2012-2013 DID (Deliberate Industrial Design)
P1 Stock Model ("Kootenay")

2012-2013 DID (Deliberate Industrial Design)
Custom "East Coaster"

150-115-136 r=21.5m @ 180cm (P1 Stock Model "Kootenay")
137-104-133 r=18.0mm @ 177cm (Custom "East Coaster")
DID Custom "East Coaster" (left)
DID P1 Stock Model ("Kootenay") (right)


We contacted JV LeBrun at Deliberate Industrial Design (DID) in Fernie, Canada and he offered to let us test one of his stock models (P1 Stock Model a.k.a."Kootenay") in a stiff flex, and an example of ski produced to custom specifications.  JV was given total control over the custom ski geometry and construction details for our "East Coasters."  DID is a multi-product shaping operation also producing custom snowboards and they know what it takes to keep custom clients happy.   (We will refer to the P1 Stock Model as the "Kootenay" or "Koots" for the rest of the review because it's more fun...)

Manufacturer Info:

Jean-Vincent LeBrun
Deliberate Industrial Design Ltd.
Box 1924, Fernie, BC, V0B1M0

Suggested Retail Price (MSRP):

Kootenay Special: $750 CDN + $50 for custom graphics
Customs: $1000 CDN includes graphics

Usage Class:

Kootenay Special: Freeride Ski
Custom "East Coaster" : Carving Twin

Rating (with comments):

(1="get me off these things"->10="I have to own a pair")

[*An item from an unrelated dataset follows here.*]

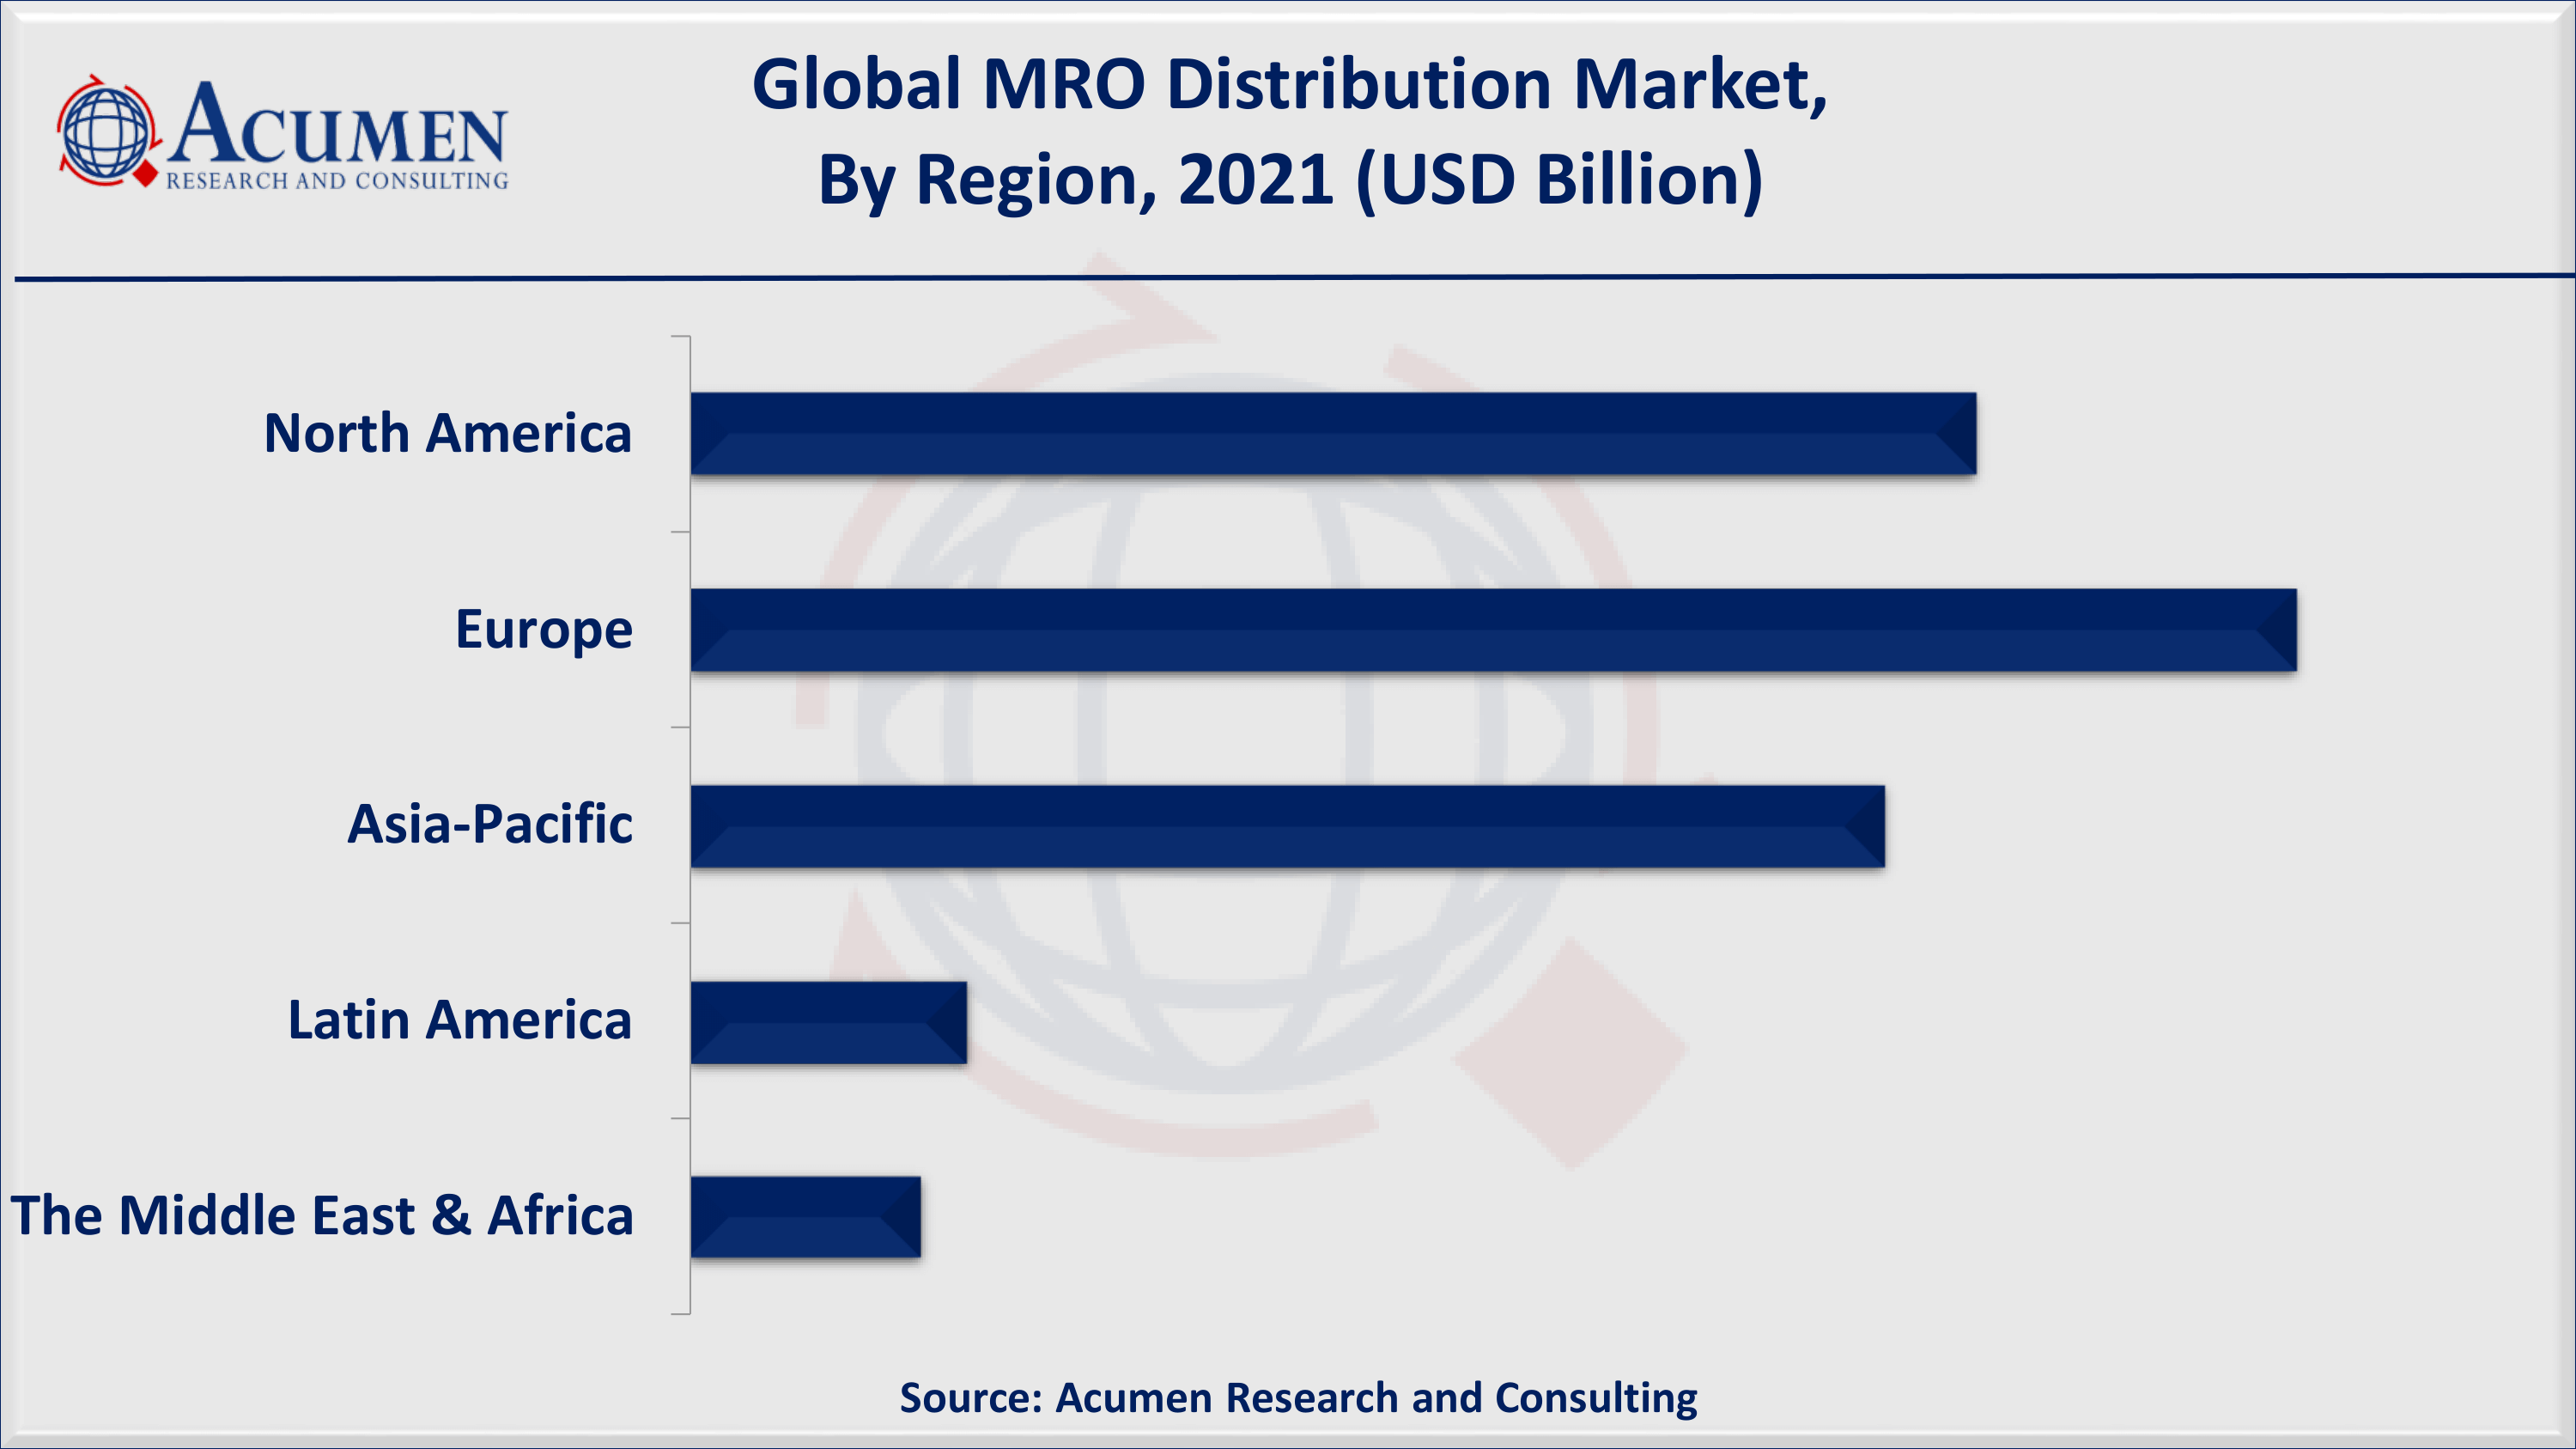 North America MRO distribution market share accounted for over 35% shares in 2021

Kootenay Stock Model P1 = 9-10 - simply excellent and versatile

Custom East Coaster = 8-9 for hard-charging, higher speed conditions
Custom East coaster = 6-7 for tight or bumpy conditions (due to larger radius and stiffness for tight conditions)

Quality is 9-10 for each. Superb build quality with a custom, hand-made aesthetic rather than "factory finish" look and feel.

Ski Designer:

JV LeBrun was the R&D Director for a snowboard company, started shaping products at the age of 15 and has been perfecting his custom craftsmanship since 2006, with the goal of producing a locally-made Canadian product to withstand 100+ days of hard usage per year by hard-core enthusiasts.  JV has more than 10 years in ski and snowboard design/manufacturing and 15 years in composite fabrication. "Build it right" is the motto.  His vision is to deliver the highest degree of customization and craftsmanship in the ski, snow and surf markets, and to focus on the best solution for the client using innovations in materials, construction, design, eco-responsibility, minimum environmental impact and maximum craftsmanship, not mass-production.

View JV's bio HERE.

View a video of some DID construction and artwork HERE.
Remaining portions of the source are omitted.